▶ [HOW TO COMPLETE THIS TASK]
Skip the pictures and repeat each line of the data exactly.

[[ AVAILABLE DATA, beginning ]]

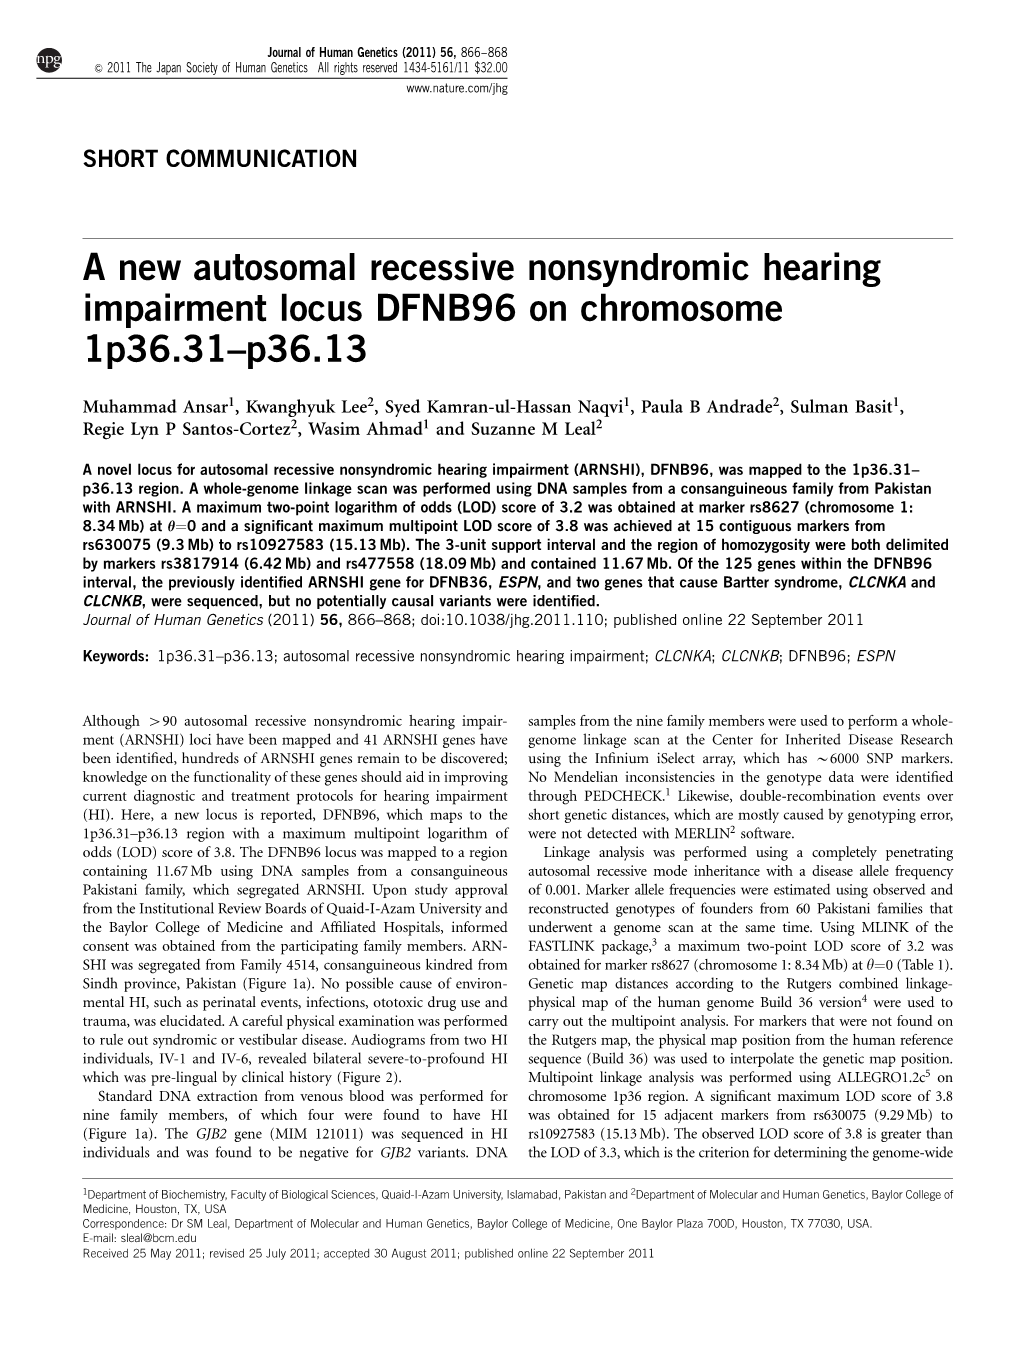 A New Autosomal Recessive Nonsyndromic Hearing Impairment Locus DFNB96 on Chromosome 1P36.31–P36.13
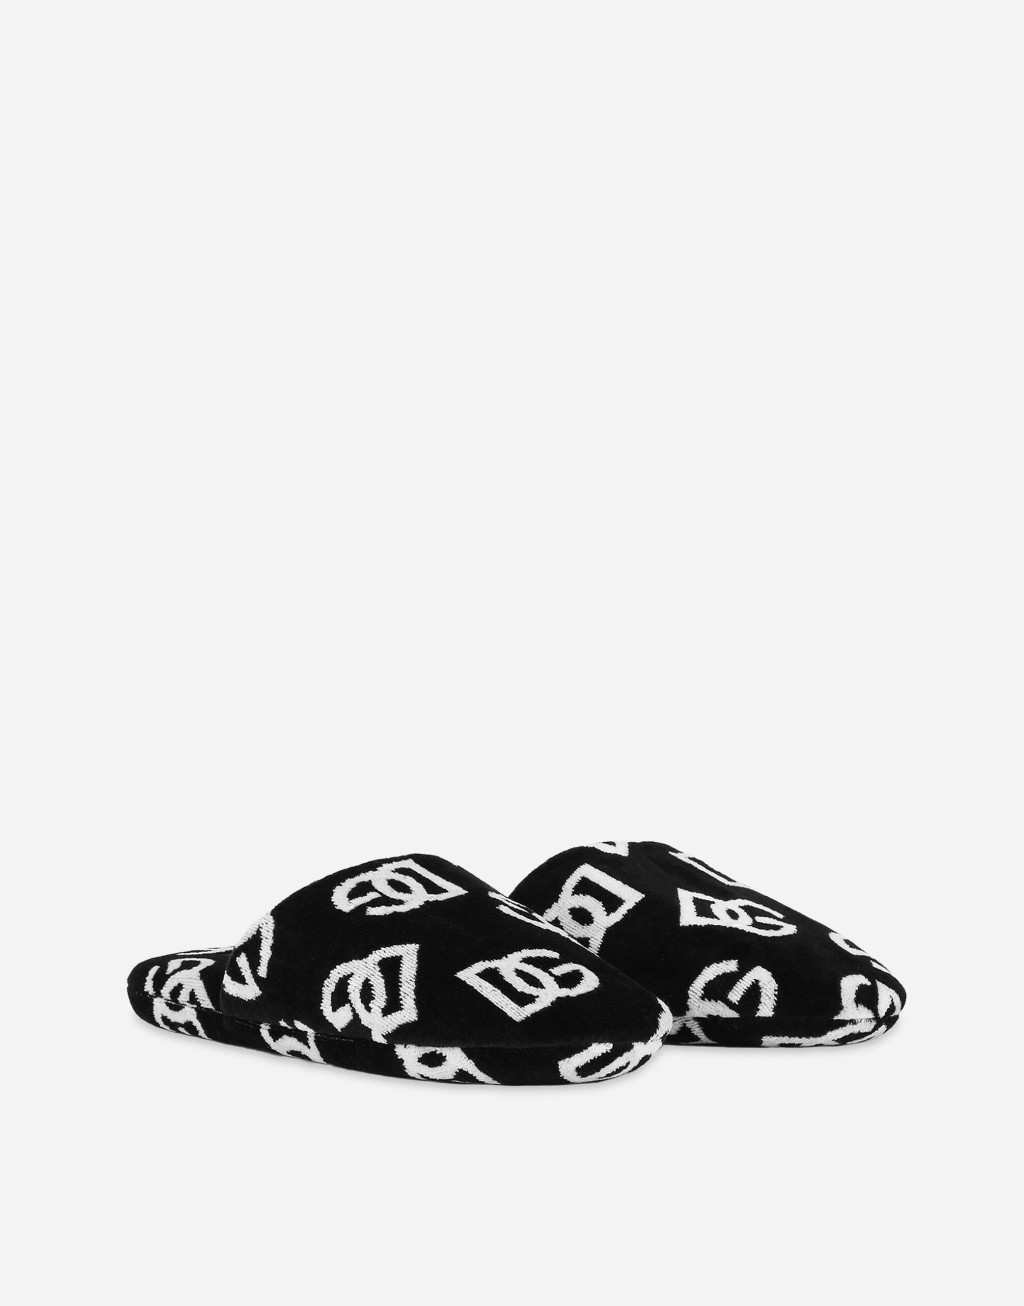 Dolce&Gabbana黑白色DG Logo棉質拖鞋。
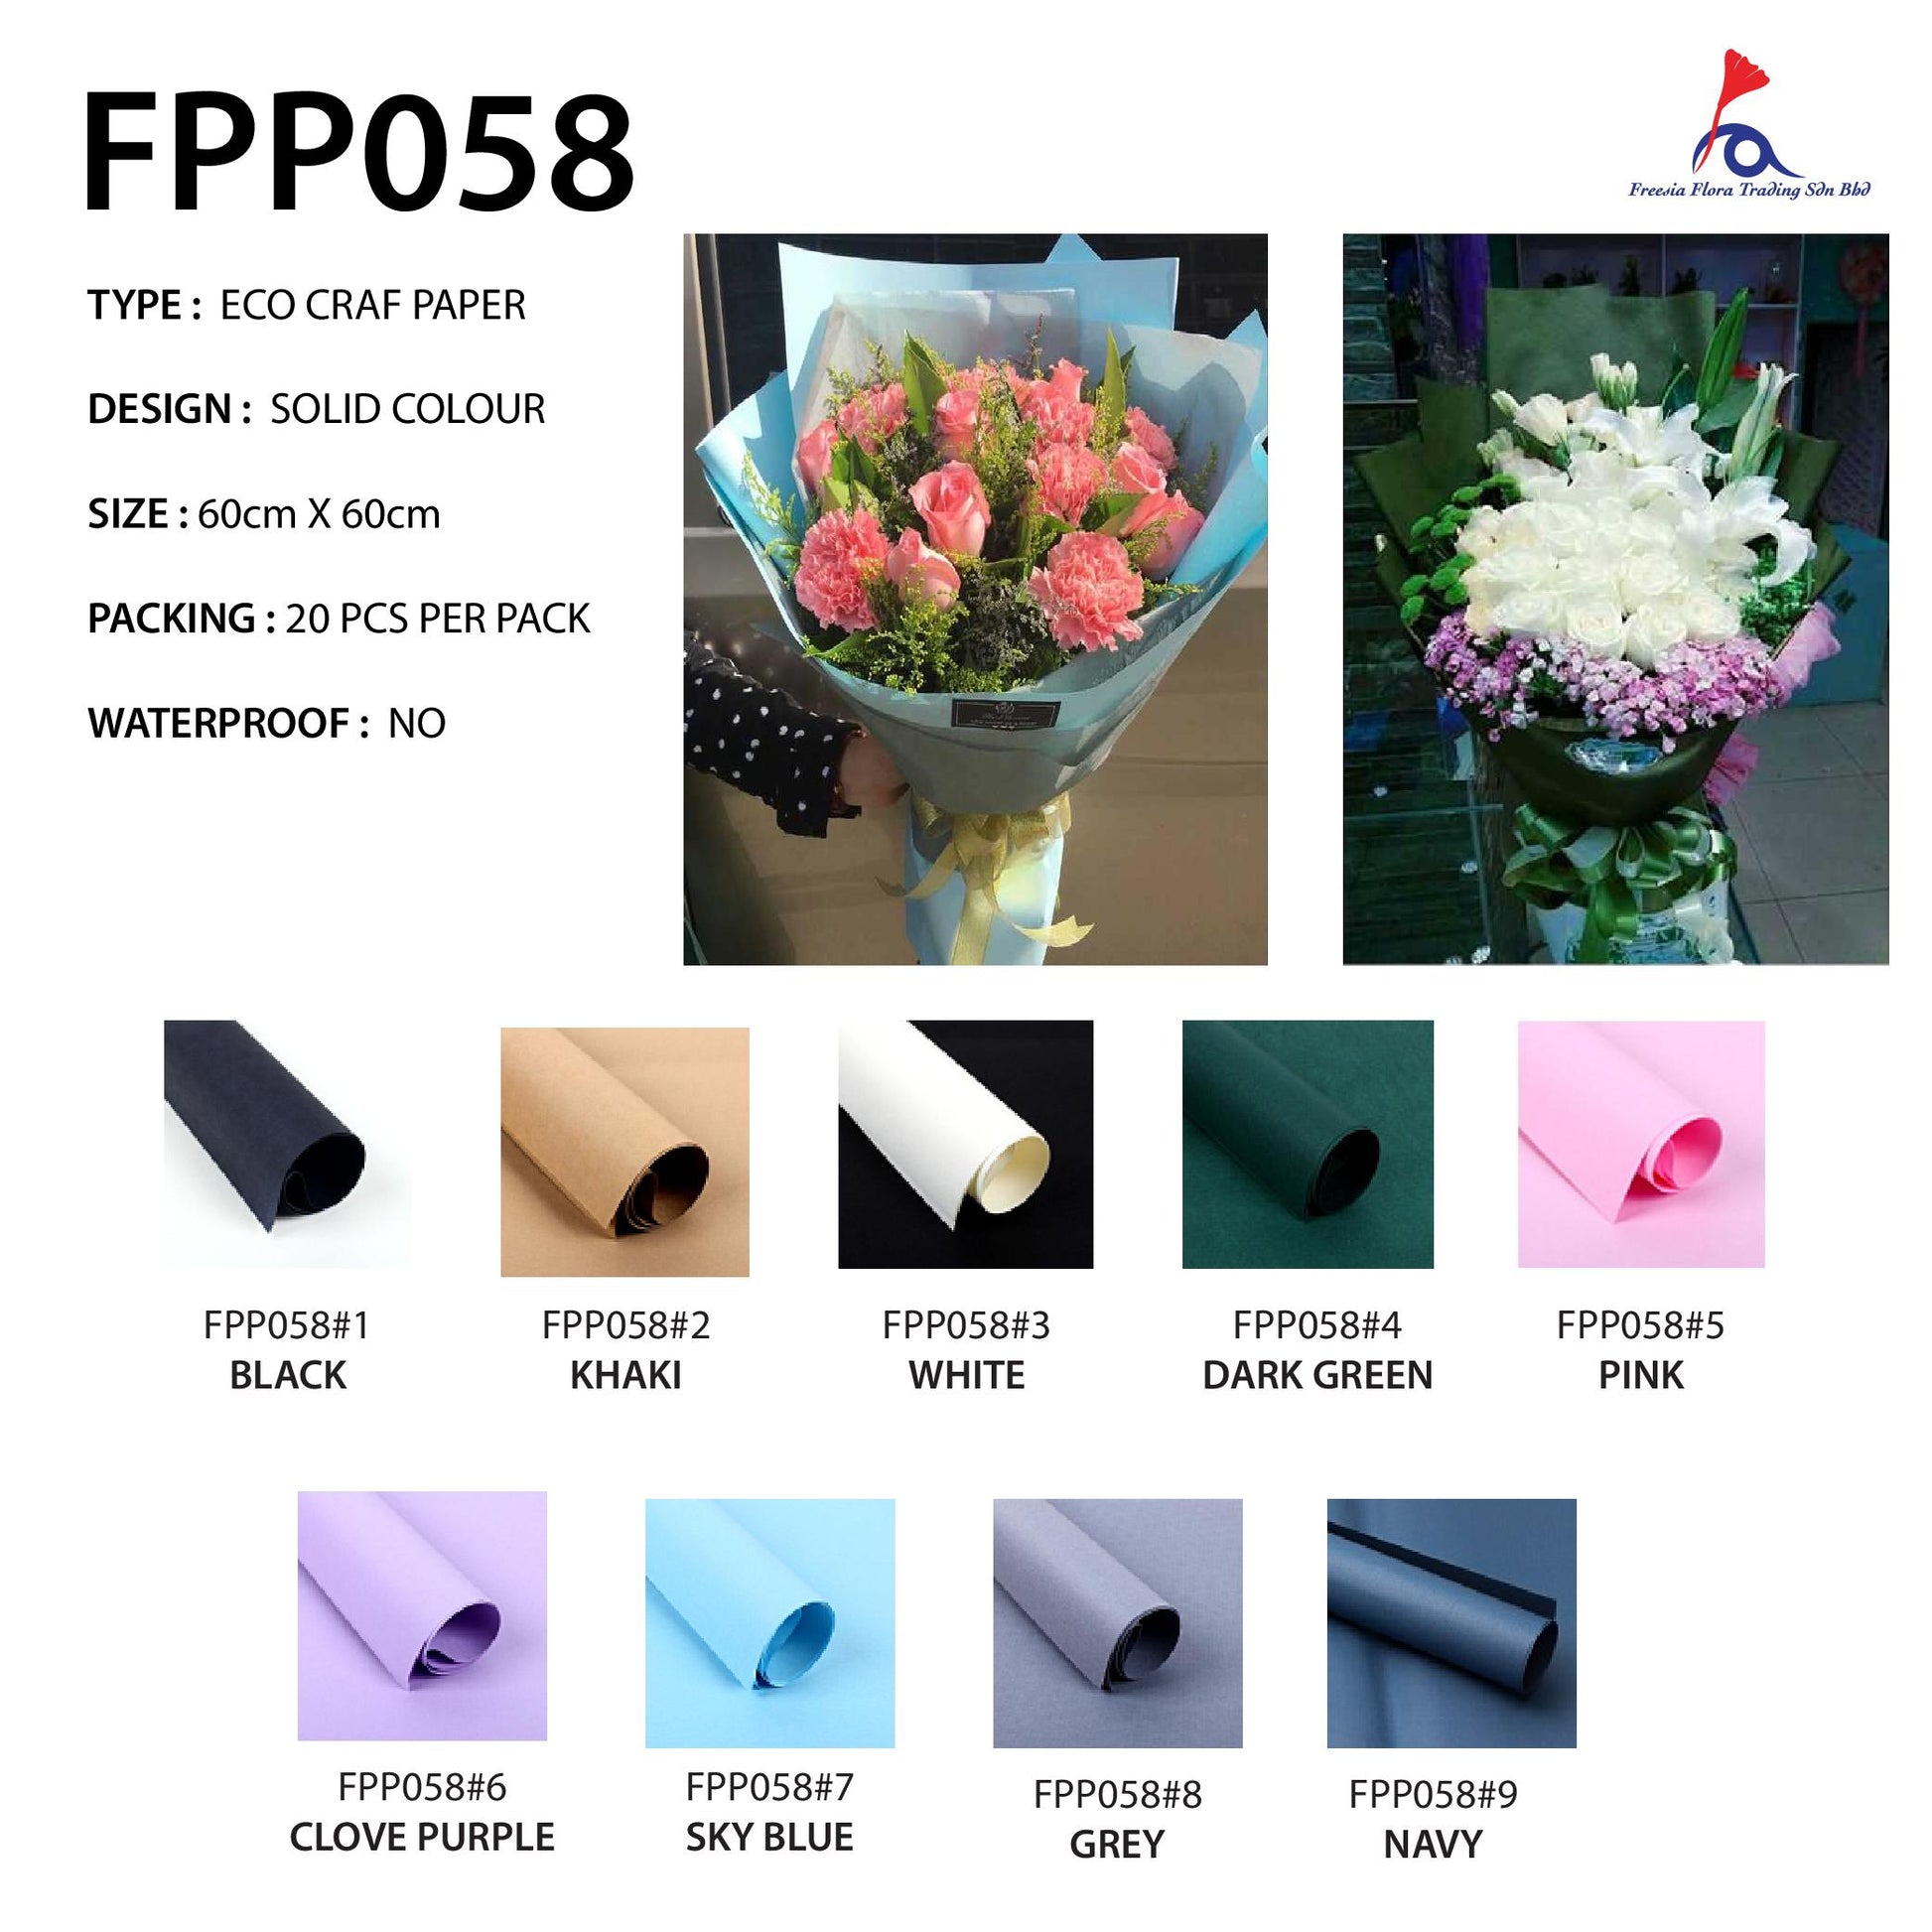 FPP058 ECO CRAFT PAPER - Freesia
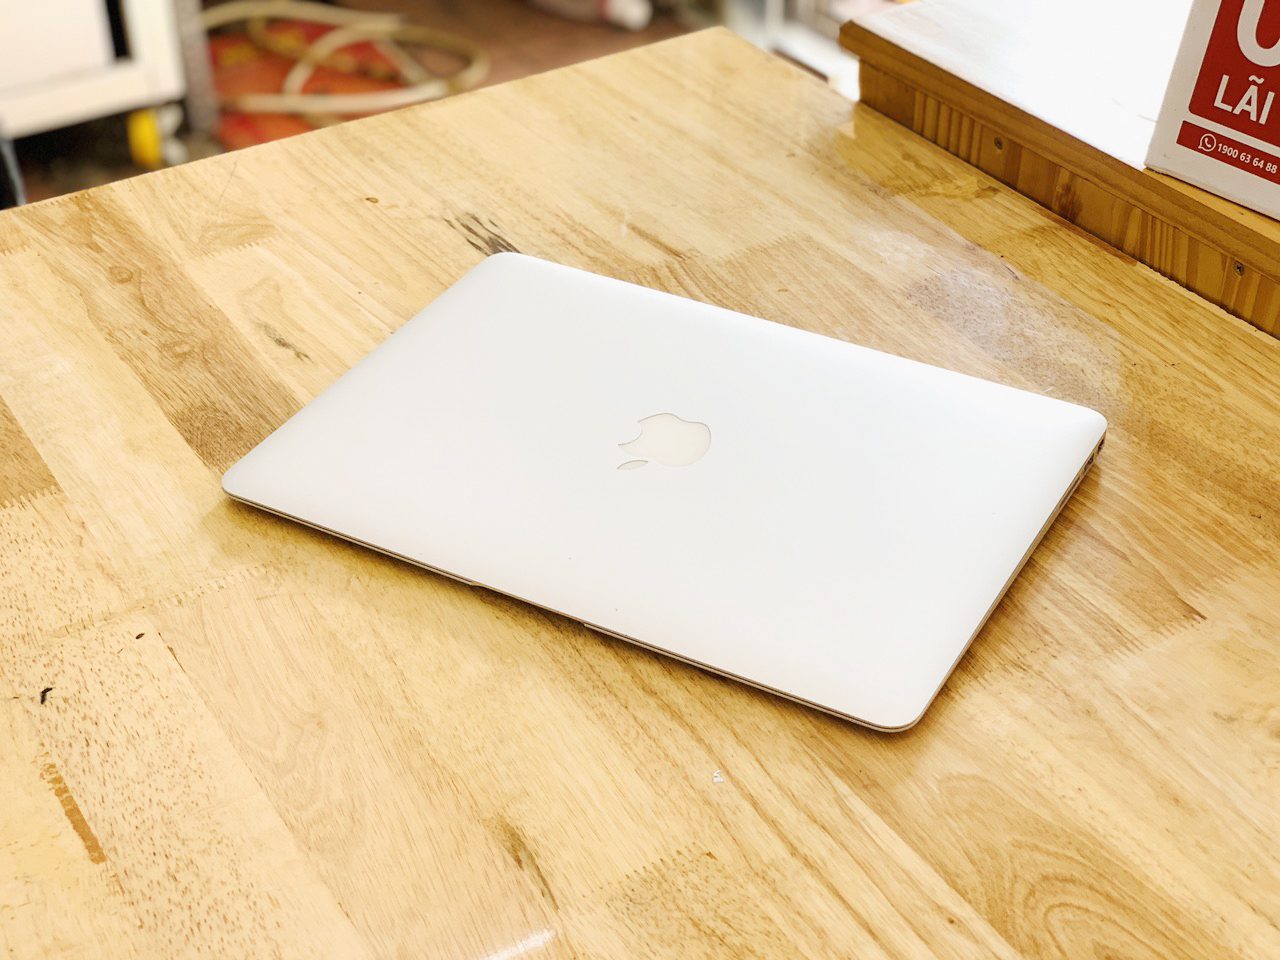 Macbook Air 13-inch,Mid 2012

[[ AVAILABLE DATA, end ]]

▶ [ANSWER TO THIS TASK]
 A New Autosomal Recessive Nonsyndromic Hearing Impairment Locus DFNB96 on Chromosome 1P36.31–P36.13
 Dolce&Gabbana黑白色DG Logo棉質拖鞋。
 FPP058 ECO CRAFT PAPER - Freesia
 Macbook Air 13-inch,Mid 2012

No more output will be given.